Imagine a world where debilitating diseases can be cured through a one-time treatment regardless of a person’s geographic location, closing the gap on the healthcare disparities that discriminate against those without access to a cure for their disease.
Imagine you are an instrumental member of an unstoppable, collaborative team that challenges the status quo to make things happen and are supported by a company culture that holds trust, authenticity, and team member development at its center to ensure the focus is on patients who are waiting for therapy.
We are seeking an energetic and highly motivated Associate Scientist to join our Platform team. In this role, you will help develop novel in vivo based viral-based gene therapies. You will initially be responsible for executing standard molecular biology based workflows and work collaboratively between groups across the company. You will partner with top-notch scientists and have an opportunity for accelerated technical skill development and diverse growth and learning opportunities in the context of innovative therapeutics technology development utilizing a broad spectrum of gene editing and modification tools. This individual is expected to be a great team player, enthusiastic and enjoy working in an innovative, collaborative and fast-paced environment. Join us and be part of a company moving novel gene therapies into the clinic, revolutionizing the reach and access of the curative power of genomic medicines for patients with serious diseases.
- Assemble large, complex DNA constructs for our proprietary EngeniousTM viral vectors utilizing a multitude of DNA assembly techniques including Gibson, restriction-based methods (i.e., traditional restriction-ligation and Golden Gate), and/or site-specific recombinase methods (e.g., Gateway).
- Perform bacterial-based cloning and DNA amplification/extraction protocols
- Perform PCR-based amplification and analysis protocols
- Analyze cloning results using Sanger sequencing, restriction fragment analysis and next-generation sequencing platforms (e.g., Nanopore long-read technologies)
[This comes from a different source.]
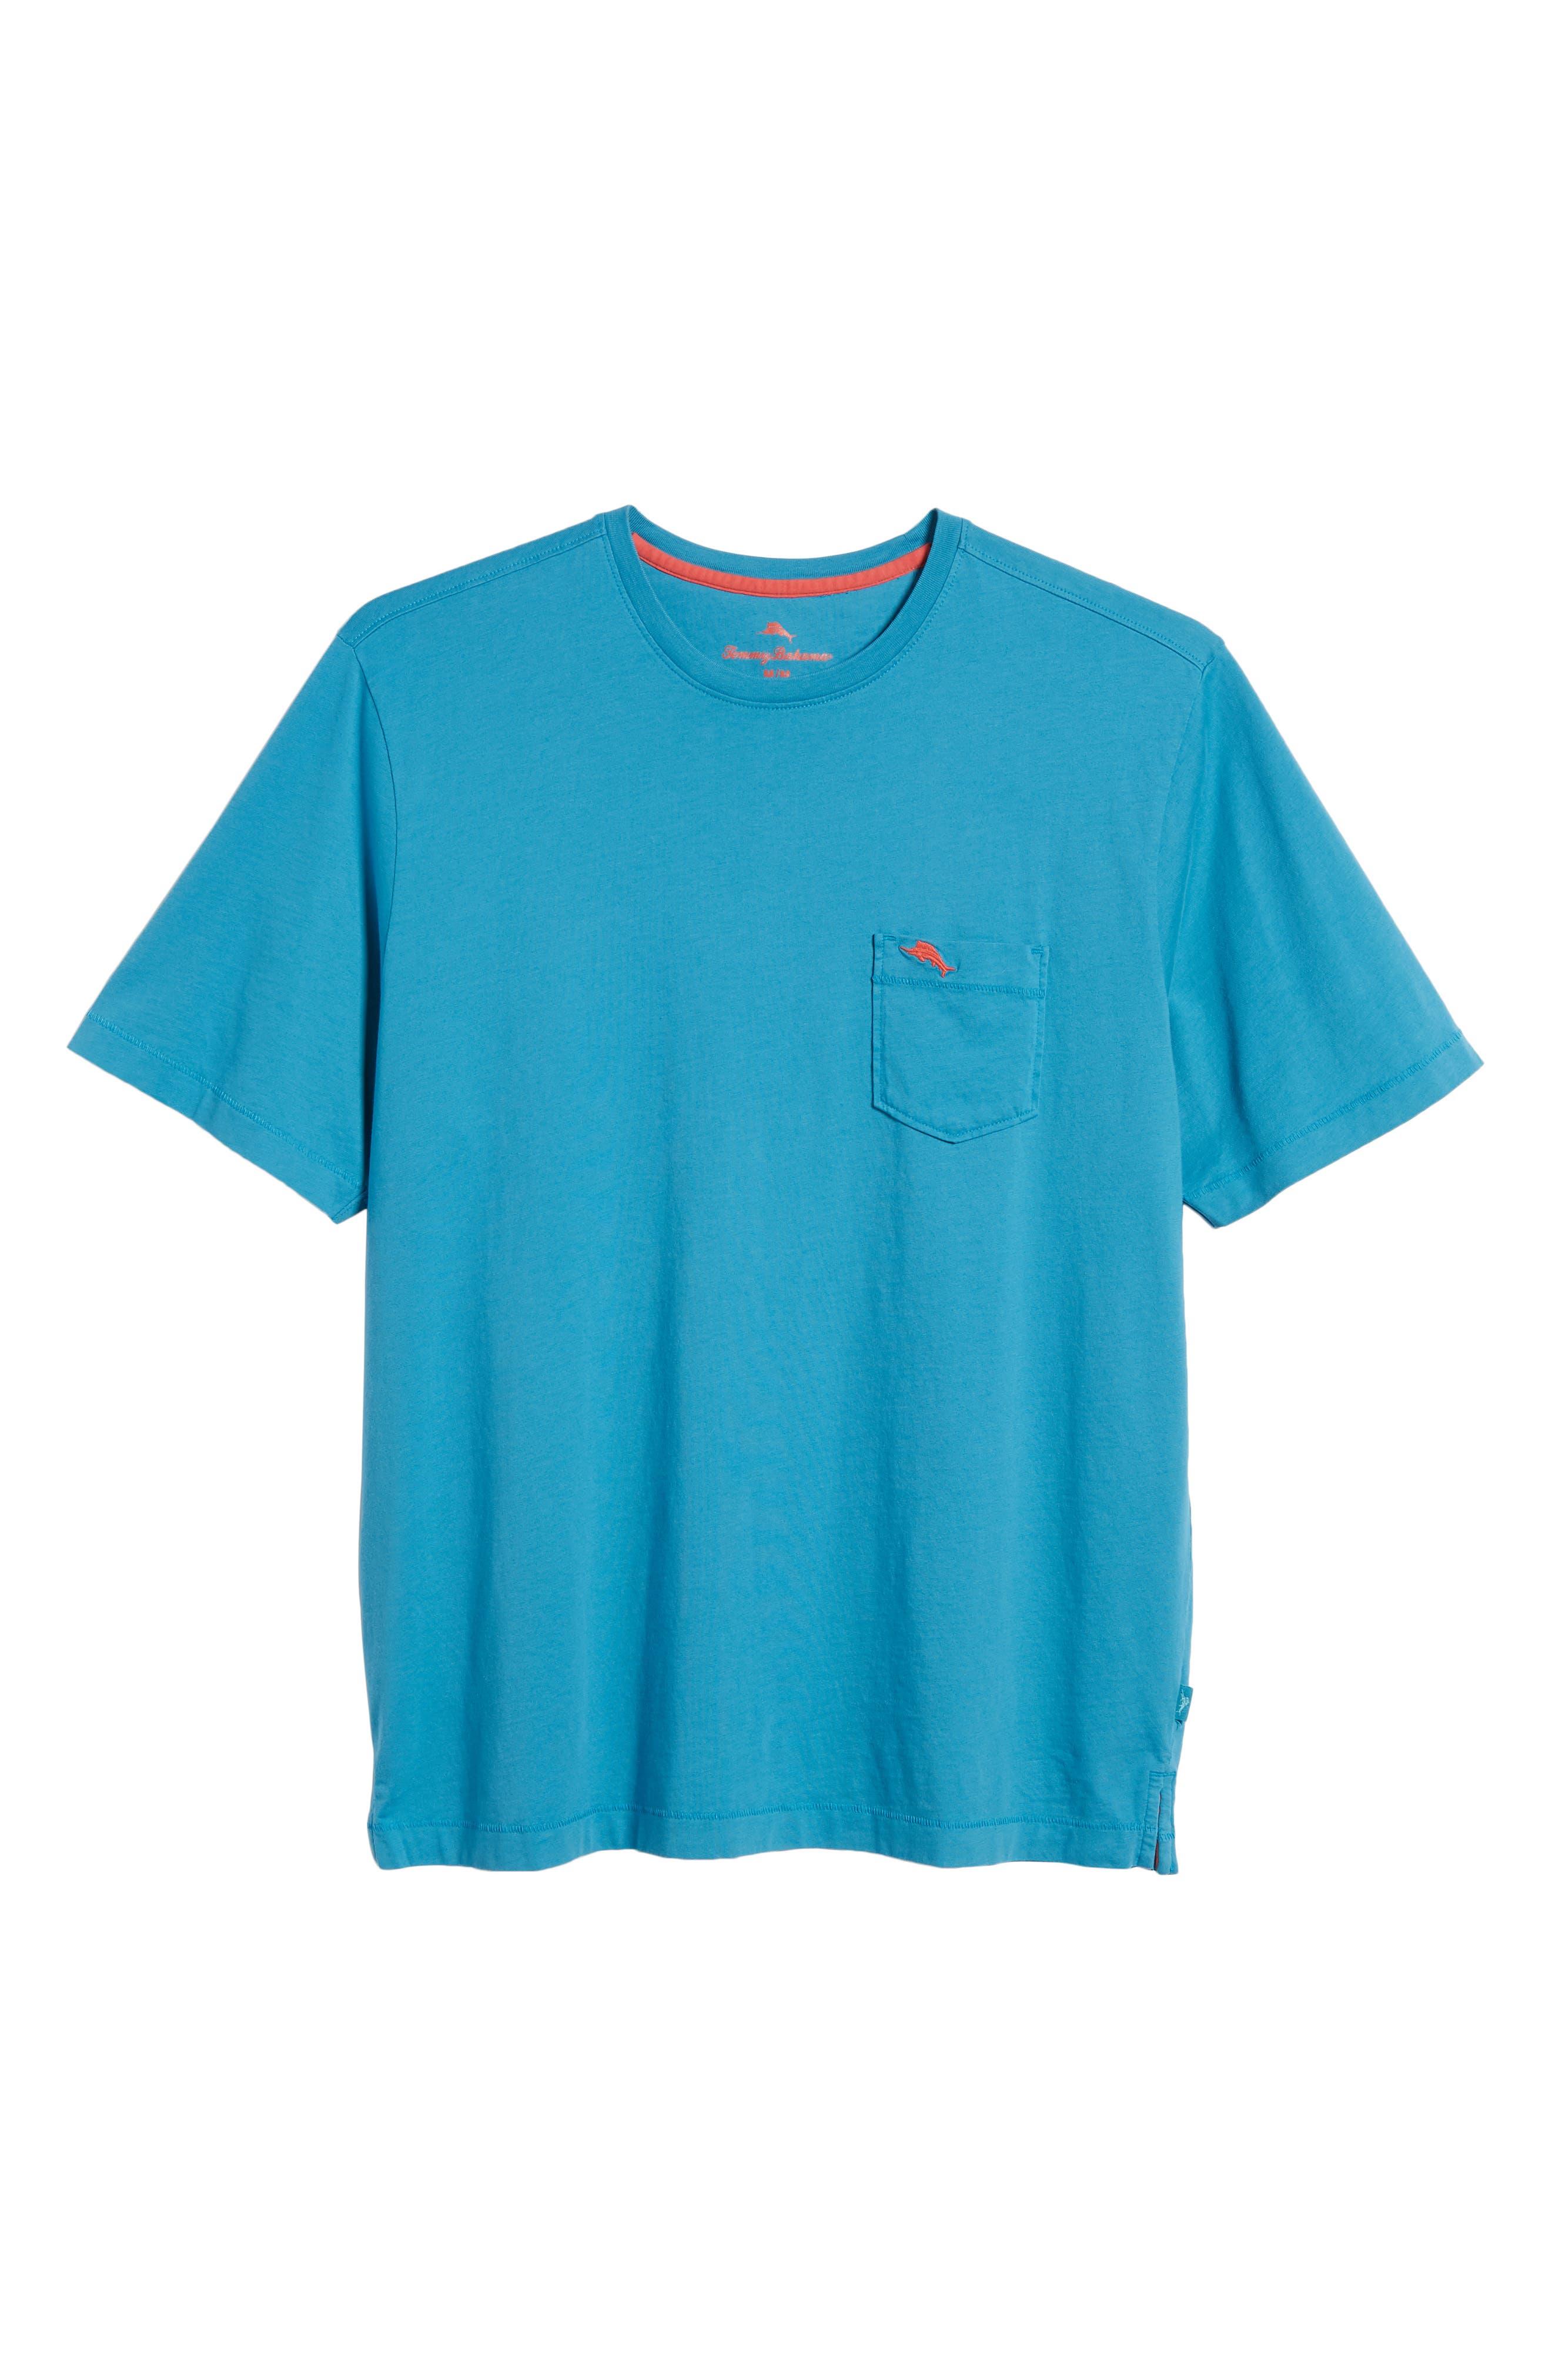 TOMMY BAHAMA,                             New Bali Sky Pima Cotton Pocket T-Shirt,                             Alternate thumbnail 6, color,                             410

- Create data visualizations, communications, and presentations of results
- Construct, produce and purify viral vectors for pre-clinical, IND-enabling pharmacology and toxicology studies.
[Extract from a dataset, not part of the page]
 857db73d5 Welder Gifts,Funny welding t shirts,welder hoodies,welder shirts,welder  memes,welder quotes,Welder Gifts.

- Complete laboratory experiments in timely fashion. Produce and maintain complete and accurate experimental records.
- Analyze, interpret and report experimental findings to the research group and other key stakeholders.
- Collaborate with colleagues to advance our intellectual property, drug development and company growth.
- B.S. in Biology, Molecular Biology, Molecular Genetics, Biochemistry or related scientific disciplines with 1-3 years industry experience preferred.
- Demonstrated proficiency with standard molecular biology methods including PCRcloning, bacterial culture, nucleic acid isolation
- Experience with in silico DNA sequence manipulation and analysis software (MacVector, SnapGene, Benchling, etc.) desired
- Experience with mammalian tissue culture, flow cytometry, fluorescence analysis (e.g., plate reader, microscopy), or viral vector production and isolation are a plus
- A passion to constantly push the boundaries of fast-paced science
- Excellent written and communication skills.
- Motivation to learn and develop new technical skills
Ensoma is a genomic medicine company pioneering a next-generation in vivo approach. Ensoma’s Engeniousä vectors are designed to deliver a diverse range of gene modification technologies directly to hematopoietic stem cells circulating in the blood without the need for stem cell collection or prior myeloablative conditioning, such as chemotherapy. As a result, Ensoma’s therapies can be delivered in a single dose in a diverse range of settings, including outpatient and settings where access to sophisticated healthcare systems may be limited.